Ever need to find the LCM (same as the LCD) for a pair of two numbers, but you don’t feel like spending two hours writing out the multiples for the numbers and waiting till you get a match.

Of course you need to do this — a lot! Example: whenever you add fractions with different denominators you need to find the common denominator.
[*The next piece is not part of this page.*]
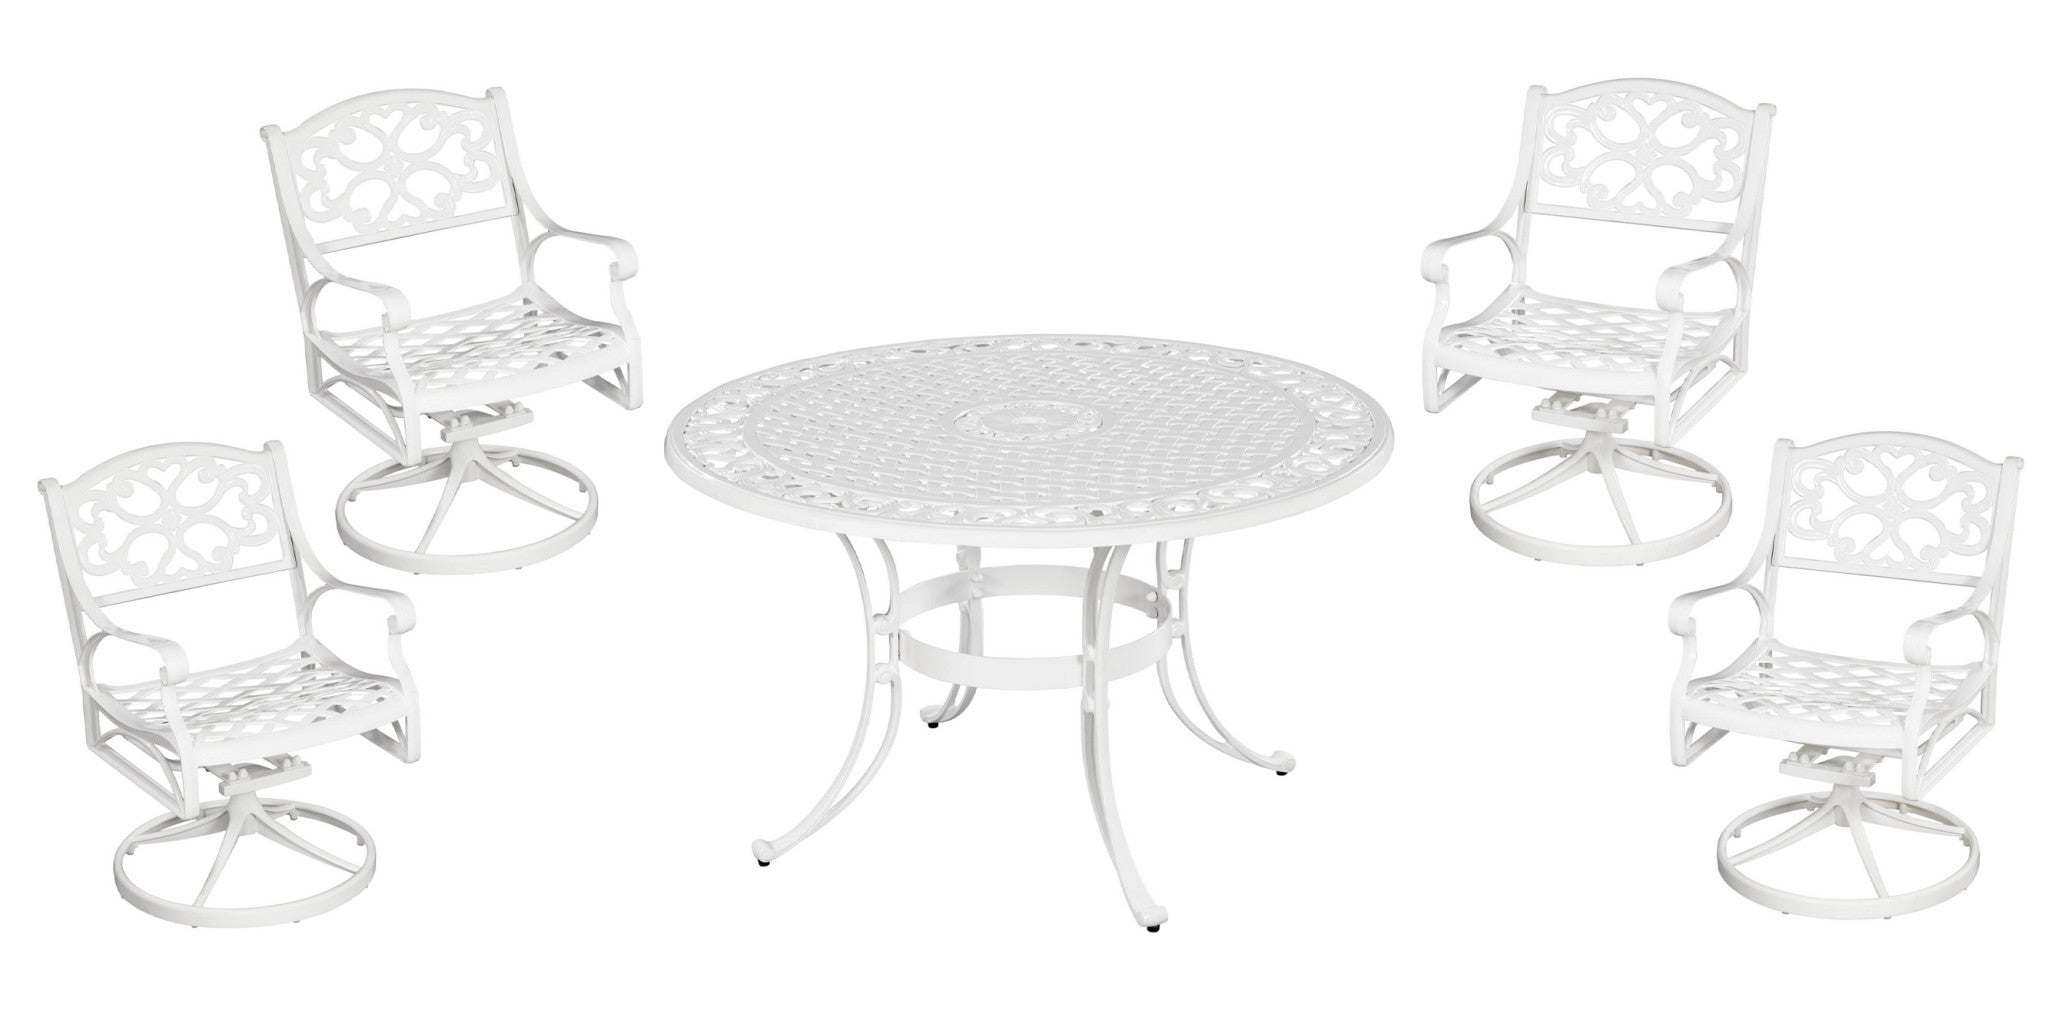 Sanibel 5 Piece Outdoor Dining Set by Homestyles - White - Aluminum - 6652-305

That is the LCM.

Here’s a quick way to do this.

The only way to teach this is by example, so that’s what I’ll do — by finding the LCM for 18 and 30.

**Step 1) Find the GCF for the two numbers. **

For 18 and 30, GCF is 6.

**Step 2) Divide that GCF into either number; it doesn’t matter which one you choose, so choose the one that’s easier to divide.**

Choose 18. Divide 18 by 6. Answer = 3.

**Step 3) Take that answer and multiply it by the other number.**

3 x 30 = 90

**Step 4) Celebrate …**

… because the answer you just got is the LCM. It’s that easy.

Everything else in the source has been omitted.